Allowing a central bank could impact a country’s ability to facilitate trade and hinder its ability to promote international investment.
In the case of Iran, by the time the Trump administration targeted the country’s central bank in 2019, little of the Islamic Republic’s economy was left unpunished, the US already has substantial sanctions on its banking industry. Was putting
It further exacerbated the chilling effect of sanctions on doing business with Iran, barred the central bank from accessing its special drawing rights under the International Monetary Fund, and harmed its ability to conduct humanitarian trade, including food and drugs. .
According to Oleg Vygin, a veteran Russian banker, should sanctions against the Bank of Russia be drawn up after sanctions imposed on Iran, they could freeze assets in dollars and euros and rise to the yen and other currencies except the yuan. can. and was formerly the first deputy chairman in the central bank.
“The sanctions against the central bank are the last step,” he said. “This is a formula tried in Iran, which initially results in the deepest decline in the economy, output, household income. And then a country begins to adapt, build its settlements with people who are willing to cooperate. agree to.”
Russia may also not necessarily be able to trust all Chinese financial institutions. At least two of China’s biggest state-run banks are restricting financing to purchase Russian goods, Bloomberg reported on Friday.
According to BlueBay, other financial sanctions that may still be on the table include a ban on investments in Russian assets for Western public pension funds and excluding the country from JPMorgan Chase & Co.’s Emerging Markets Bond Index or the equivalent MSCI Inc. benchmark. is included. Ashes. He said a decision to remove Russia from Swift could be taken next week.

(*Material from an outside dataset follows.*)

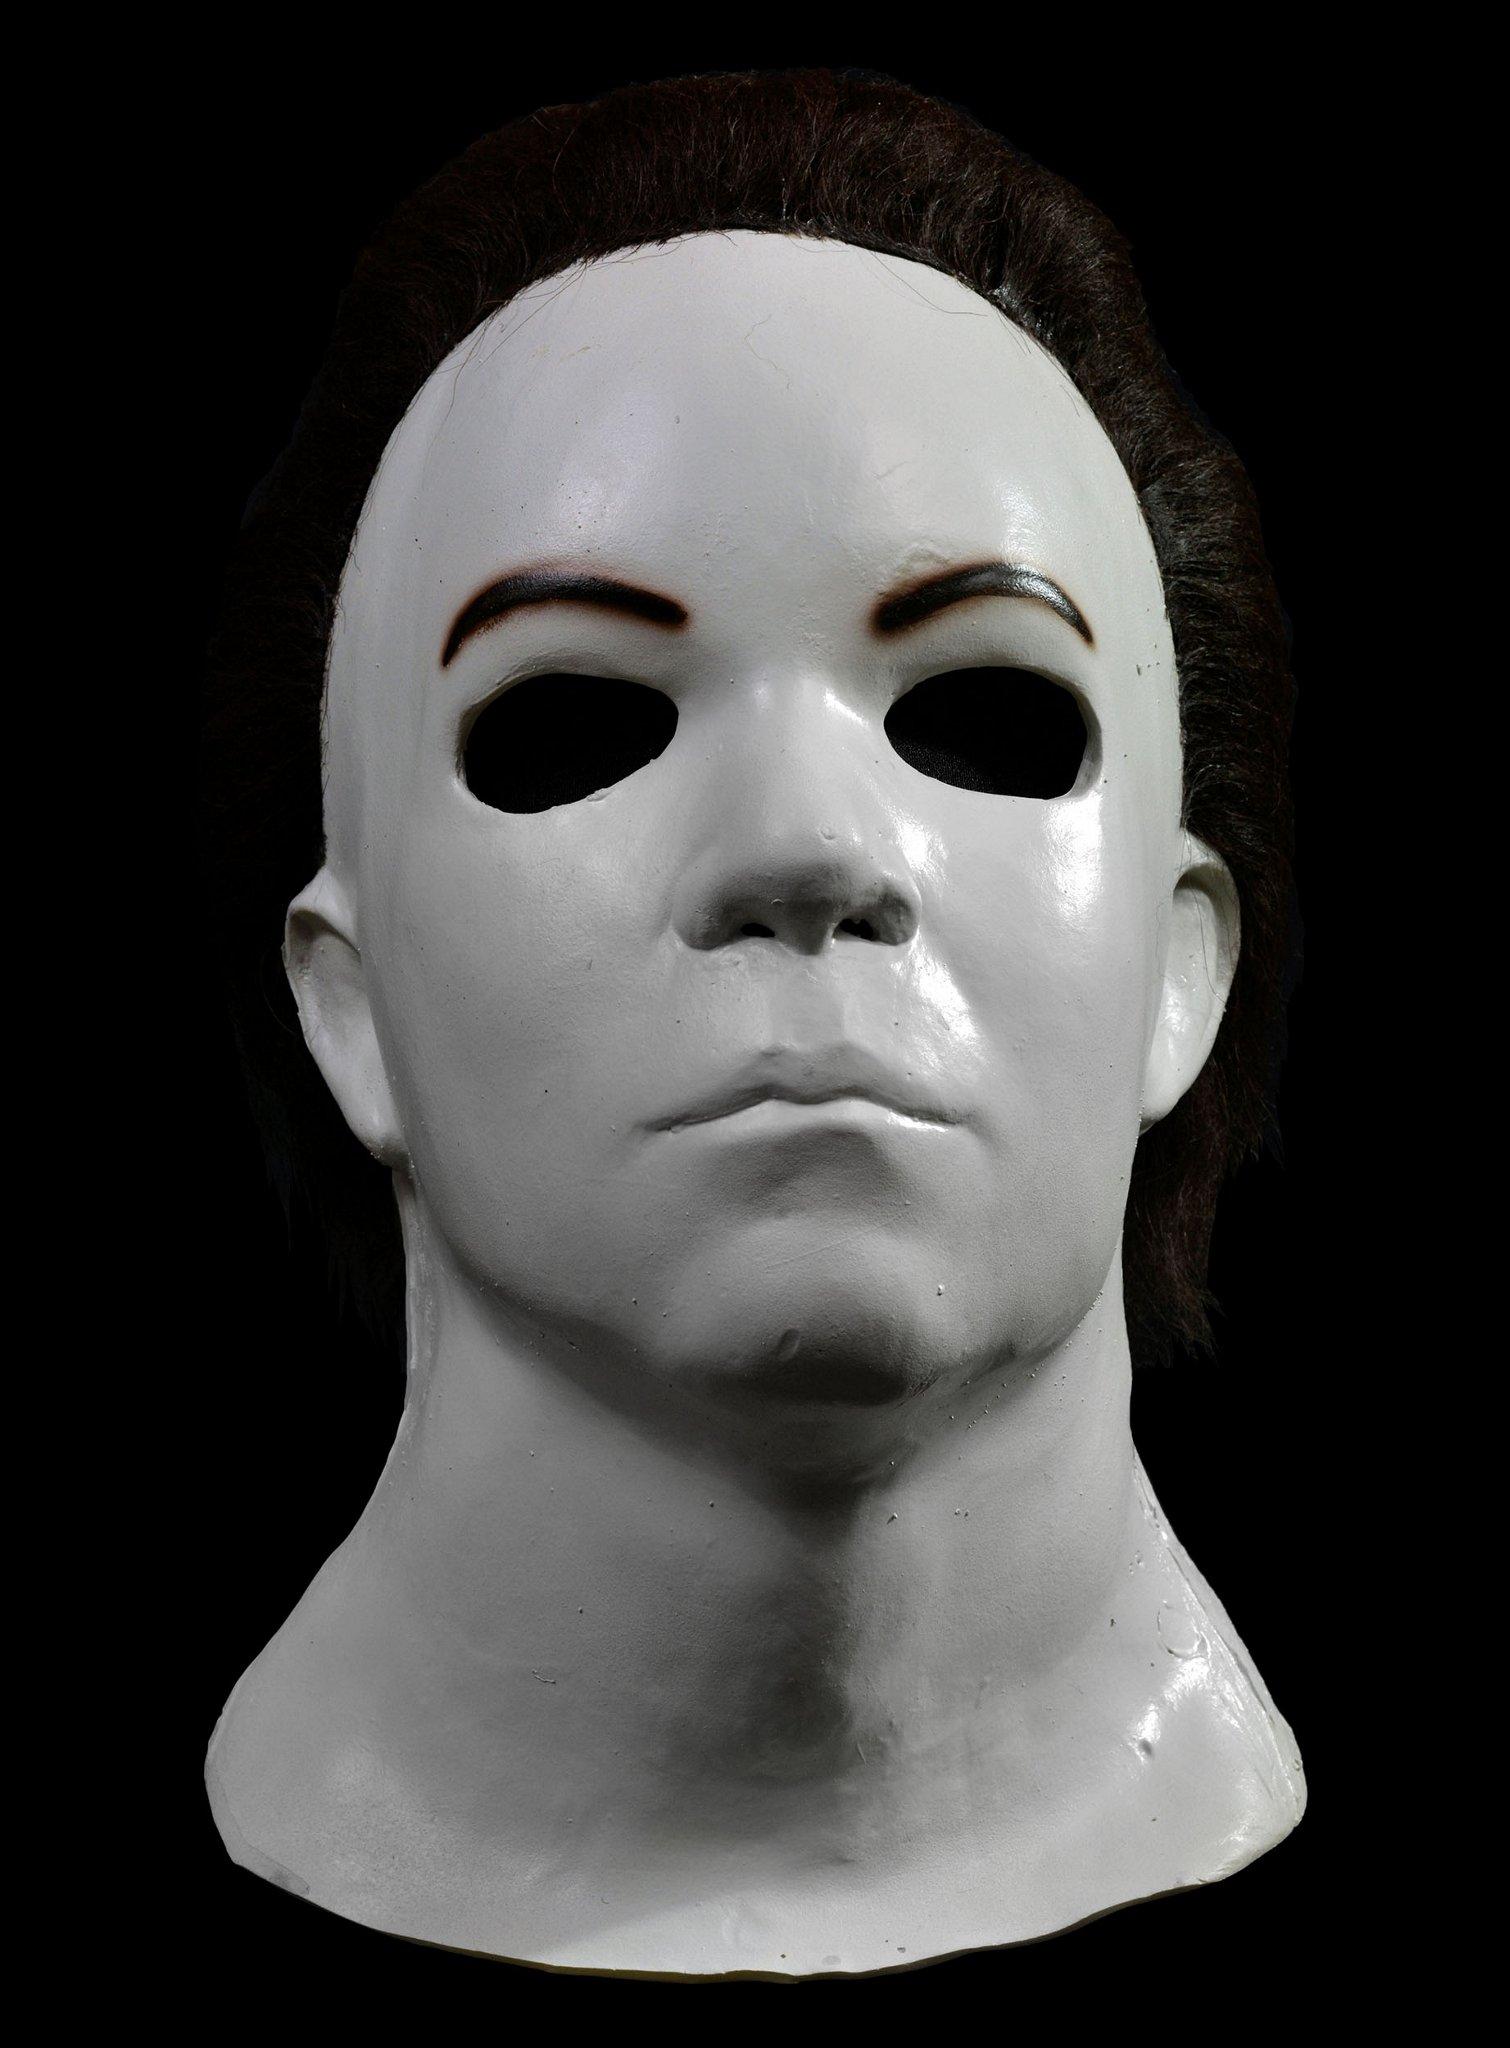 wie man kauft heiß-verkaufender Fachmann außergewöhnliche Auswahl an Stilen Original Halloween H20 Michael Myers Maske Typ 2 | eBay

Biden administration officials are now debating whether an EU directive is needed to ban Russia from SWIFT, although a US and EU decision is not imminent.
Full blocking sanctions against some Russian banks should already have curtailed their ability to make dollar payments with US counterparts, even if they retain access to the global messaging service.
Atlantic Council Senior Fellow Julia Friedlander said banks could resort to alternative systems and also communicate via email to send payment instructions.
Still, “it’s like a kick in the shin,” she said. “Transactions with Russia will be slower and more expensive. Sudden cut-offs for corporations and banks will also put a lot of current assets in limbo.”